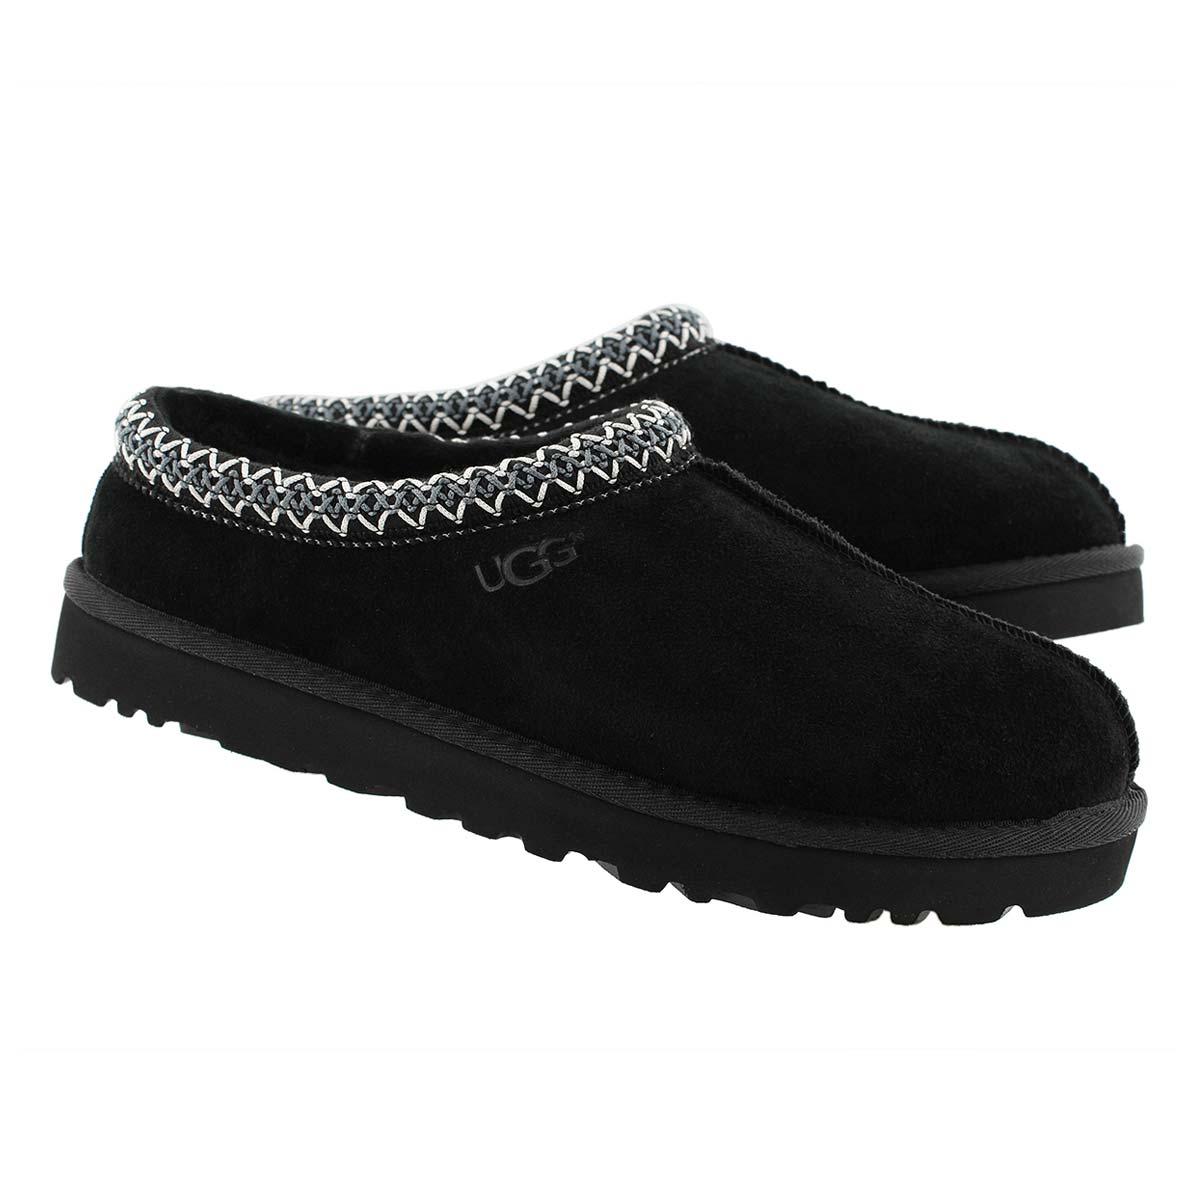 Mns Tasman black sheepskin slipper
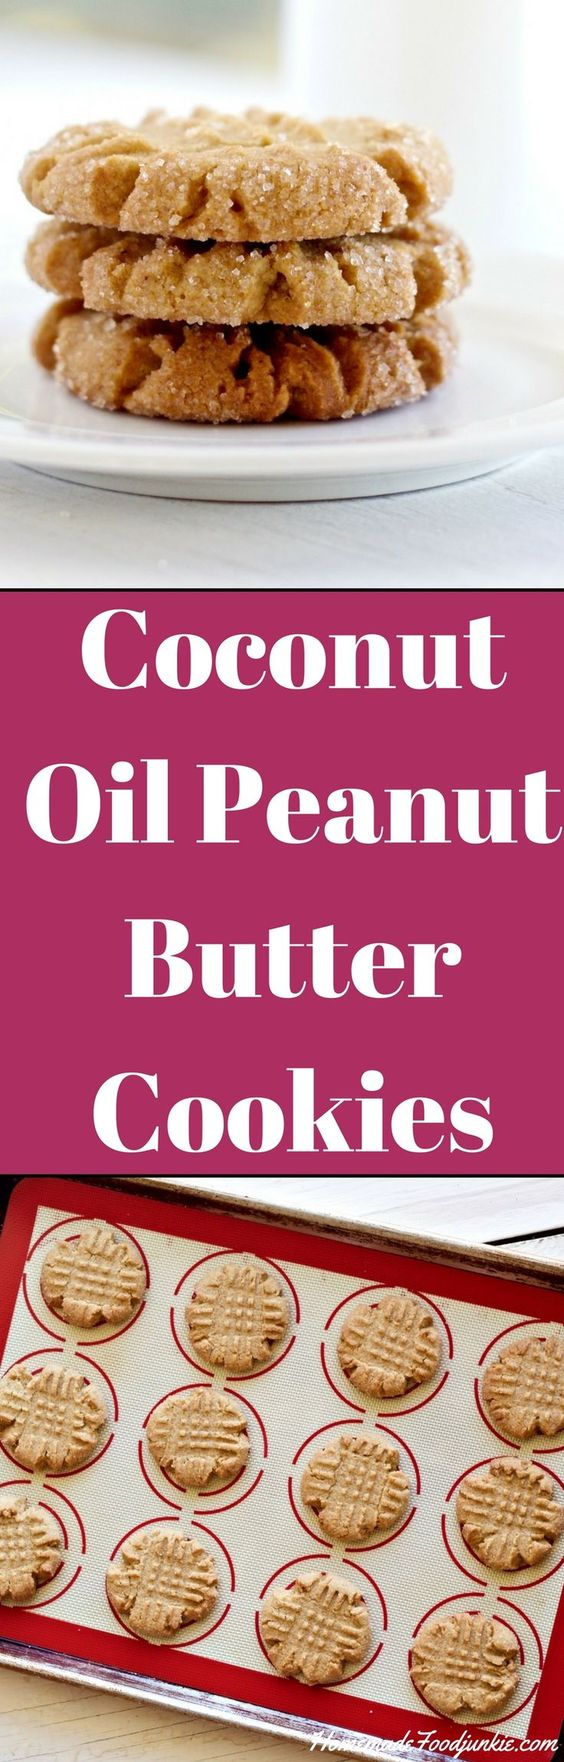 ... peanut butter cookies coconut oil peanut butter coconut peanuts
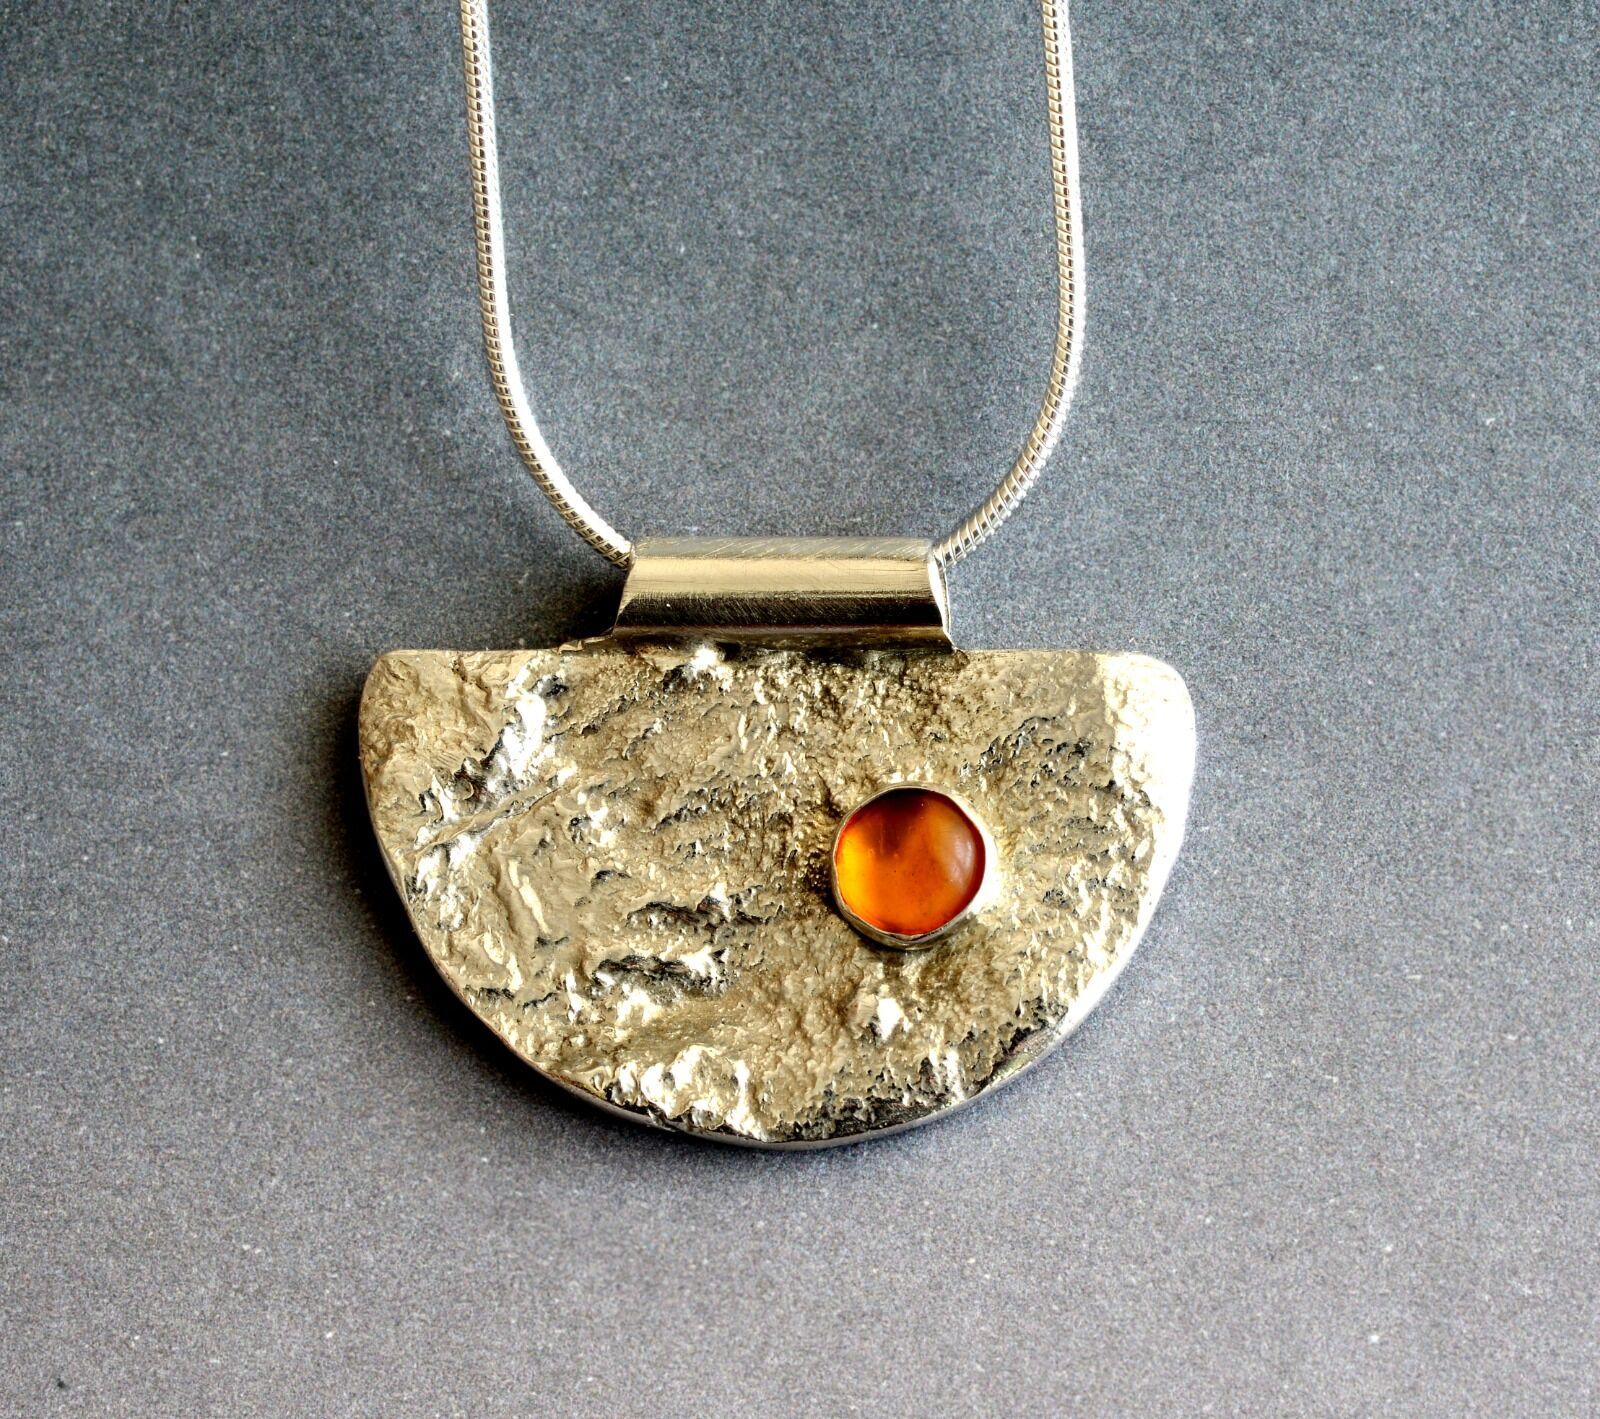 N18021 - Reticulated silver half moon pendant
□ □ □
● **PROBLEM TO WORK ON**: Return the whole listing word for word. Pictures stay out of it.

● **THE ANSWER**:
 Mns Tasman black sheepskin slipper
 ... peanut butter cookies coconut oil peanut butter coconut peanuts
 N18021 - Reticulated silver half moon pendant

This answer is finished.